Before A Christmas Carol there was… Miss Marley
A seasonal tale of kindness and goodwill
Orphans Clara and Jacob Marley live by their wits, scavenging for scraps in the poorest alleyways of London, in the shadow of the workhouse. Every night, Jake promises his little sister ‘tomorrow will be better’ and when the chance to escape poverty comes their way, he seizes it despite the terrible price.
And so Jacob Marley is set on a path that leads to his infamous partnership with Ebenezer Scrooge. As Jacob builds a fortress of wealth to keep the world out, only Clara can warn him of the hideous fate that awaits him if he refuses to let love and kindness into his heart…
In Miss Marley, Vanessa Lafaye weaves a spellbinding Dickensian tale of ghosts, goodwill and hope – a perfect prequel to A Christmas Carol.
Any of you who follow me on Twitter or Instagram or Facebook will have seen the picture of me finishing this book over a cup of tea in Sainsbury’s cafe on the morning of Christmas Eve, after I’d finished my shopping and at that point I was filled with Christmas spirit, due in no small part to this book.

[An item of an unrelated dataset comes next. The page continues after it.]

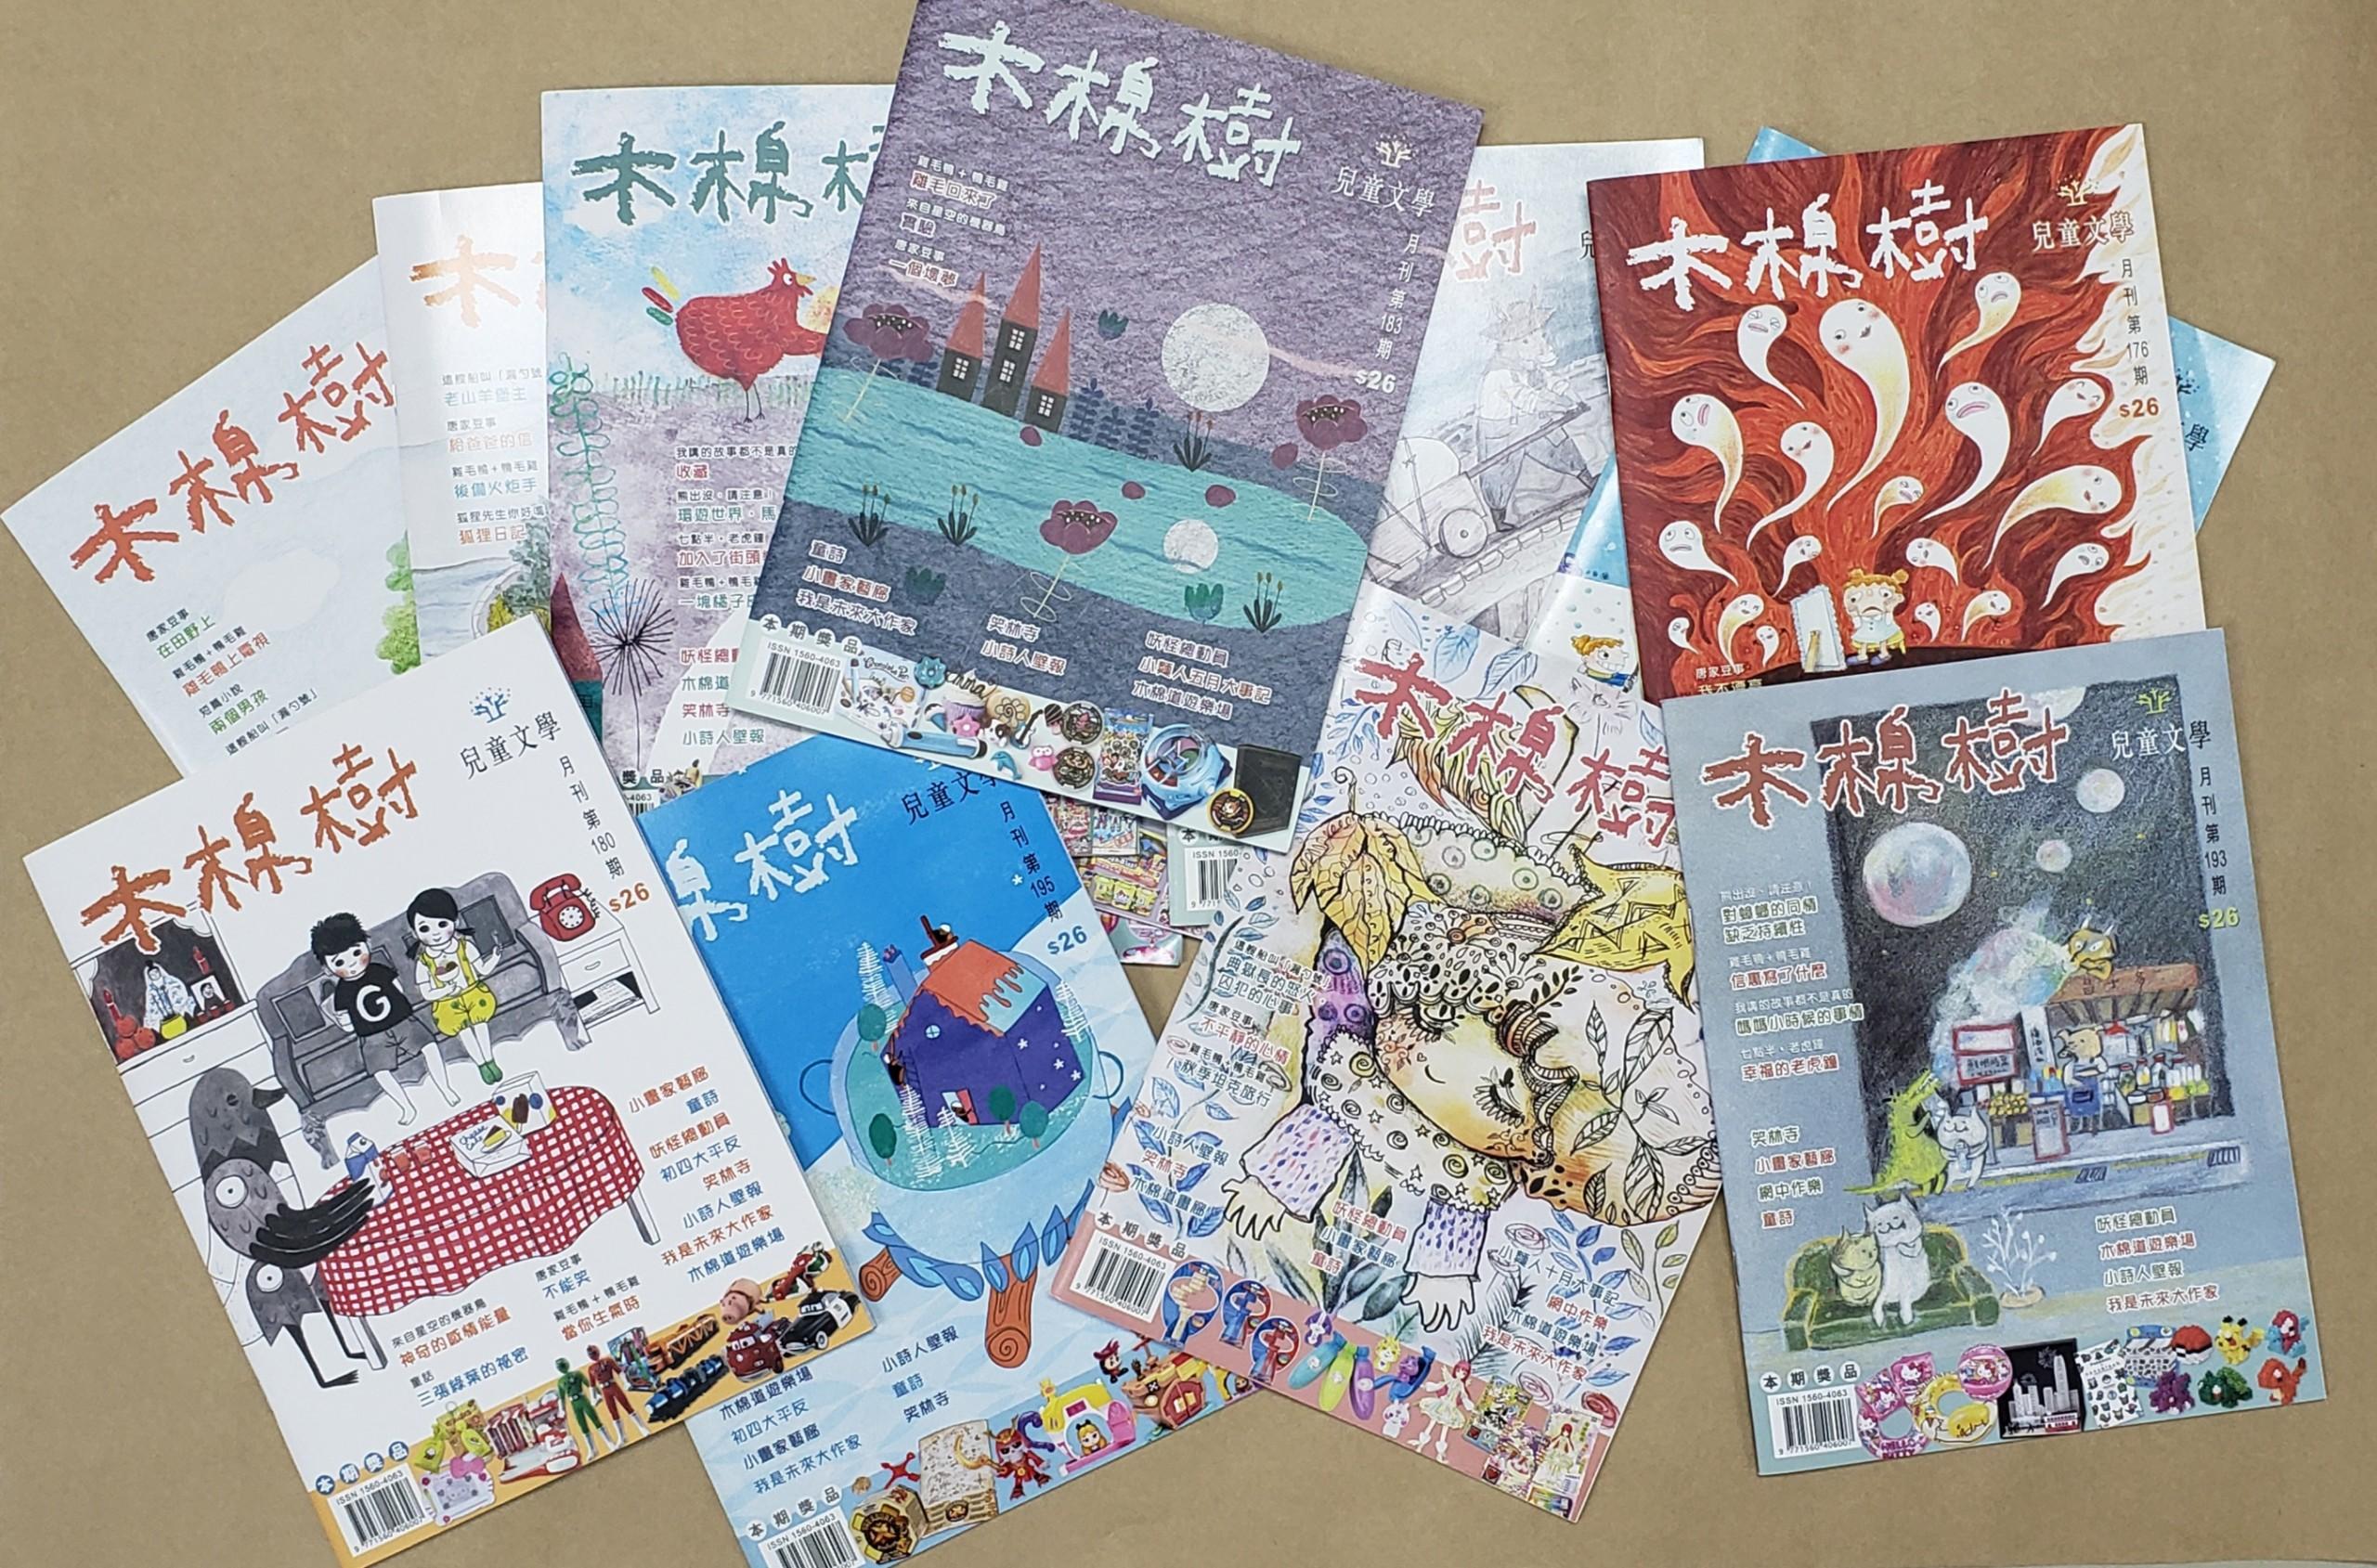 小讀者活動 【木棉花開花落:一期雜誌的誕生,一本雜誌的終結】
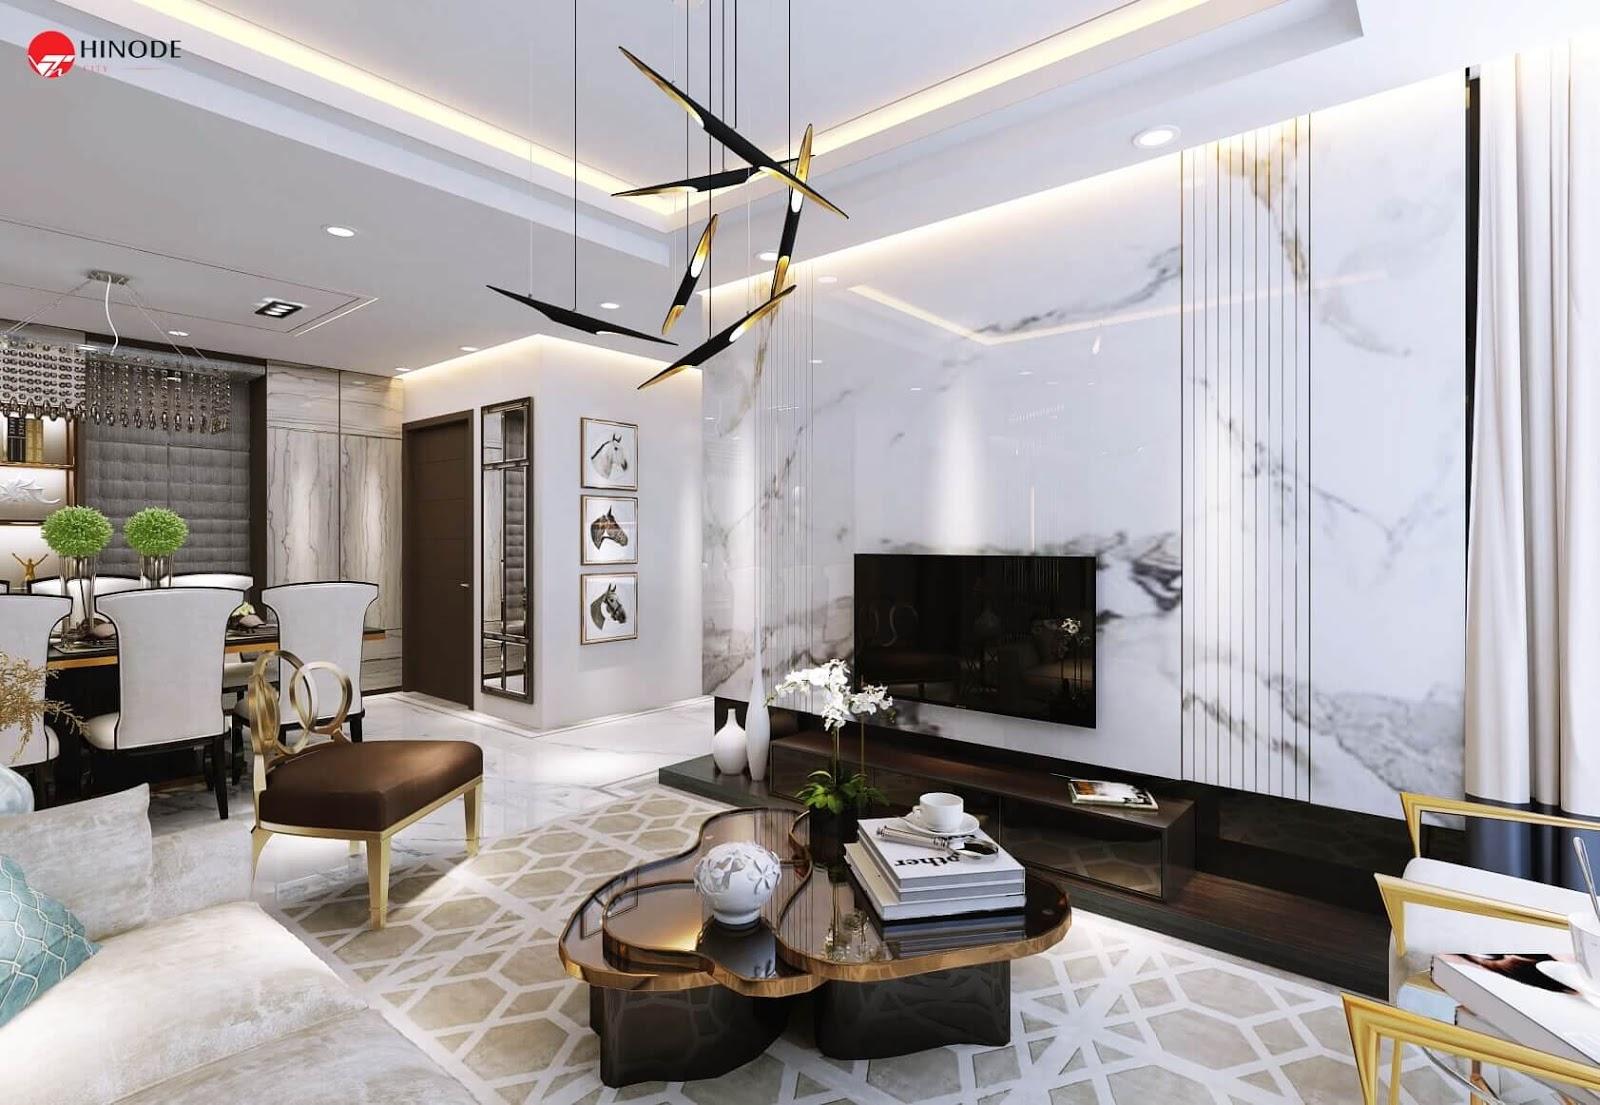 Nội thất bàn giao căn hộ cao cấp chung cư Hinode City

For any of you who have not heard the story behind the publication of this book, it was the creation of author Vanessa Lafaye, who unfortunately passed away in February of this year after a long battle with cancer, before she was able to finish it. At the request of Vanessa’s publisher and her husband, the book was completed by Vanessa’s good friend and fellow author, Becca Mascull. This tragic and moving story meant there was a lot of buzz about this book on social media and in the blogging community and I was desperate to read it. I am a huge fan of A Christmas Carol, so the premise behind the book was enticing, and it sounded like the perfect Christmas read.
Oh, but this book is even more beautiful and moving than I expected. It is the story of how Jacob Marley becomes the person who ends up as the tormented spirit that haunts Scrooge at the beginning of A Christmas Carol. To tell his story, Vanessa has given him a sister, Clara, who is witness to the circumstances that shape him. This device is so clever, and executed so beautifully that it immediately pulls you heart and soul into their story and transports you back to Dickens’ London and the world inhabited by Scrooge and Marley. Both authors have perfectly captured the essence of Dickens’ story telling in this book so that it is very easy to believe that this is exactly how Marley and Scrooge end up as the mean-spirited, uncharitable old misers that we have come to know.
The period and setting of Victorian London is brought vividly and perfectly to life through the language and descriptions, and the whole book has a lovely, festive feeling to it, despite the melancholy story. I absolutely loved the character of Clara, she is warm and vibrant and extremely sympathetic, and she makes Jacob Marley’s story sympathetic too. You cannot help but care about her plight from the beginning, which makes the book enthralling and moving and kept me glued to the pages from beginning to end.
I have such admiration for the skill of both authors. I don’t know how Becca managed to complete this book whilst grieving for a beloved friend- it must have taken a strength of will and a huge amount of love to get through it. In the interview I have linked to below, Becca says she felt like she was almost channelling her friend as she completed the book, and I can believe it as it is impossible to tell where the two parts join. The voice and narrative are so consistent throughout; there is no jarring change of tone or pace and it ends perfectly. These were two friends so obviously in tune and their story has completely moved me to tears.
This book is a beautiful testament, both to the authors’ love of A Christmas Carol and to their friendship and it will delight anyone who is a fan of this timeless Christmas tale. I believe that a festive read of this book will become a new Christmas tradition for me to cherish. I highly recommend you pick up a copy now.
Miss Marley is out now and you can get a copy here.
About the Authors
Vanessa Lafaye was born in Florida and studied in North Carolina. She moved to the UK in 1999 (having been deported once). She is the author of two previous novels, her first book Summertime, was chosen for Richard and Judy in 2015 and was shortlisted for the Historical Writers Award. Vanessa passed away in February 2018.
Rebecca Mascull is the author of three historical novels and also writes saga fiction under the pen-name Mollie Walton.